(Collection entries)
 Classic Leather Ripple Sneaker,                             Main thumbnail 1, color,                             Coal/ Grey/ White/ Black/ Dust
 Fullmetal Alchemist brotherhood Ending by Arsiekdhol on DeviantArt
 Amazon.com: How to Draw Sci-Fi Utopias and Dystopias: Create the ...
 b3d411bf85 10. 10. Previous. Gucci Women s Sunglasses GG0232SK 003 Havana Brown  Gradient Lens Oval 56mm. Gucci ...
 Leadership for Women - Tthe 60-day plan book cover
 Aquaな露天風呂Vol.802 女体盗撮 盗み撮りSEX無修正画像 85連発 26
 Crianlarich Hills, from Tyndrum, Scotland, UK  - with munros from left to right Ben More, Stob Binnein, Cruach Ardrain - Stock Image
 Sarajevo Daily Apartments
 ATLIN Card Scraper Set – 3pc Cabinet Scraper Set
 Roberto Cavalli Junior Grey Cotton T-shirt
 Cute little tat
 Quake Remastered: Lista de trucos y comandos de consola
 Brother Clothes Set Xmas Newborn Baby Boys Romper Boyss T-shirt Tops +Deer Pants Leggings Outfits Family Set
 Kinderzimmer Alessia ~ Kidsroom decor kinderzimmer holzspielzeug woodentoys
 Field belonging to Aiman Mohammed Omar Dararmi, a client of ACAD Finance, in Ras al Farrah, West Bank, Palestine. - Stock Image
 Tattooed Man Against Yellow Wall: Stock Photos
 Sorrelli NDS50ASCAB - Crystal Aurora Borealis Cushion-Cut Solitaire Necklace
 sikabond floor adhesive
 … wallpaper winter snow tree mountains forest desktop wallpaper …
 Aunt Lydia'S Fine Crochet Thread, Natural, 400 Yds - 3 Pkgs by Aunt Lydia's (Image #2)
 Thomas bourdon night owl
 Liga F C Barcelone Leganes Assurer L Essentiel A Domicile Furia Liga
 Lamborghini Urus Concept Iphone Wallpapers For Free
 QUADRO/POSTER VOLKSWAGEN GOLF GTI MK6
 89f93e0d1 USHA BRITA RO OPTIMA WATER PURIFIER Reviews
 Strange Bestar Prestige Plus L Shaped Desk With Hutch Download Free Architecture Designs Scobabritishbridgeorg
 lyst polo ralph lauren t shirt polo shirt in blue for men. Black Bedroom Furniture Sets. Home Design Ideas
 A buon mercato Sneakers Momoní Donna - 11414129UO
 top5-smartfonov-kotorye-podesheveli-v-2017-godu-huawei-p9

ASSIGNMENT = Look through the entries, and return every line that the word "shirt" appears in.

ANSWER =
 Roberto Cavalli Junior Grey Cotton T-shirt
 Brother Clothes Set Xmas Newborn Baby Boys Romper Boyss T-shirt Tops +Deer Pants Leggings Outfits Family Set
 lyst polo ralph lauren t shirt polo shirt in blue for men. Black Bedroom Furniture Sets. Home Design Ideas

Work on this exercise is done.